1. Field of the Disclosure
The disclosure relates to an array substrate for a display device, and more particularly, to an array substrate for a display device including a thin film transistor and a method of manufacturing the same.
2. Discussion of the Related Art
With rapid development of information technologies, various display devices for displaying images have been requested. Flat panel display (FPD) devices such as a liquid crystal display (LCD) device, a plasma display panel (PDP) device and an organic light emitting diode (OLED) device have been suggested.
Among the FPD devices, the LCD device has been widely used for its superiorities of small size, light-weight, thin profile and low power consumption.
An active matrix type display device, which includes pixels arranged in a matrix form and switching elements for controlling on/off the respective pixels, have been widely used. The active matrix type display device includes an array substrate, on which gate lines, data lines, switching elements and pixel electrodes are formed. The array substrate will be described hereinafter with reference to accompanying drawings.
FIG. 1 is a plane view of illustrating an array substrate for a display device according to the related art.
In FIG. 1, a gate line 22 and a data line 52 cross each other to define a pixel region P. A thin film transistor T is connected to the gate line 22 and the data line 52.
The thin film transistor T includes a gate electrode 24, an active layer 42, a source electrode 54 and a drain electrode 56. The gate electrode 24 is connected to the gate line 22, the source electrode 54 is connected to the data line 52, and the drain electrode 56 is spaced apart from the source electrode 54. The active layer 52 is exposed between the source electrode 54 and the drain electrode 56, and the exposed portion of the active layer 52 becomes a channel of the thin film transistor T.
A pixel electrode 72 is formed in the pixel region P and is connected to the drain electrode 56 of the thin film transistor T through a drain contact hole 62.
A cross-sectional structure of an array substrate for a display device according to the related art will be described with reference to FIG. 2.
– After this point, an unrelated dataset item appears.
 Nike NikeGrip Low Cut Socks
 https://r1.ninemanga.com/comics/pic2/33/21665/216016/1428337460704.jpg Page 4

FIG. 2 is a cross-sectional view of illustrating an array substrate for a display device according to the related art and corresponds to a cross-section taken along the line II-II of FIG. 1.
In FIG. 2, a gate line 22 and a gate electrode 24 connected to the gate line 22 are formed on a substrate 10, and a gate insulating layer 30 is formed on the gate line 22 and the gate electrode 24.
An active layer 42 of intrinsic silicon is formed on the gate insulating layer 30 over the gate electrode 24, and ohmic contact layers 44 of impurity-doped silicon are formed on the active layer 42.
A data line 52, a source electrode 54 and a drain electrode 56 are formed on the ohmic contact layer 44. A passivation layer 60 is formed on the data line 52, the source electrode 54 and the drain electrode 56. The passivation layer 60 includes a drain contact hole 62 exposing the drain electrode 56.
A pixel electrode 72 is formed on the passivation layer 60 and is connected to the drain electrode 56 through the drain contact hole 62.
Recently, as the display devices have been requested to have large sizes and high definitions, lengths of signal lines such as the gate line 22 and the data line 52 become longer. Thus, resistances of the signal lines increases, and signal delays are caused. In addition, since driving speeds are heightened, loads applied to the signal lines are raised. To solve these problems, various attempts have been made.
For example, the resistance of the signal line can be decreased by widening a width of the signal line. In this case, since an area of the pixel region is decreased, an aperture ratio is reduced and brightness is lowered. Here, the brightness may be raised by increasing an amount of provided light. However, power consumption is lifted, and light efficiency is lowered.
Alternatively, the resistance of the signal line may be decreased by thickening a thickness of the signal line. However, the signal line is formed by depositing a metallic material to form a metallic layer and selectively patterning the metallic layer. Thus, to thicken the thickness of the signal line, the metallic layer should be thickened, and an amount of the metallic material for deposition is increased. Moreover, an amount of an etchant for patterning the metallic layer is increased. Accordingly, the manufacturing costs of the array substrate are raised.
Meanwhile, certain metallic materials have poor properties in contact with the substrate, and when it is formed to be thick, it may be cracked or peeled off from the substrate. Therefore, there is a limitation on increasing the thickness of the signal line.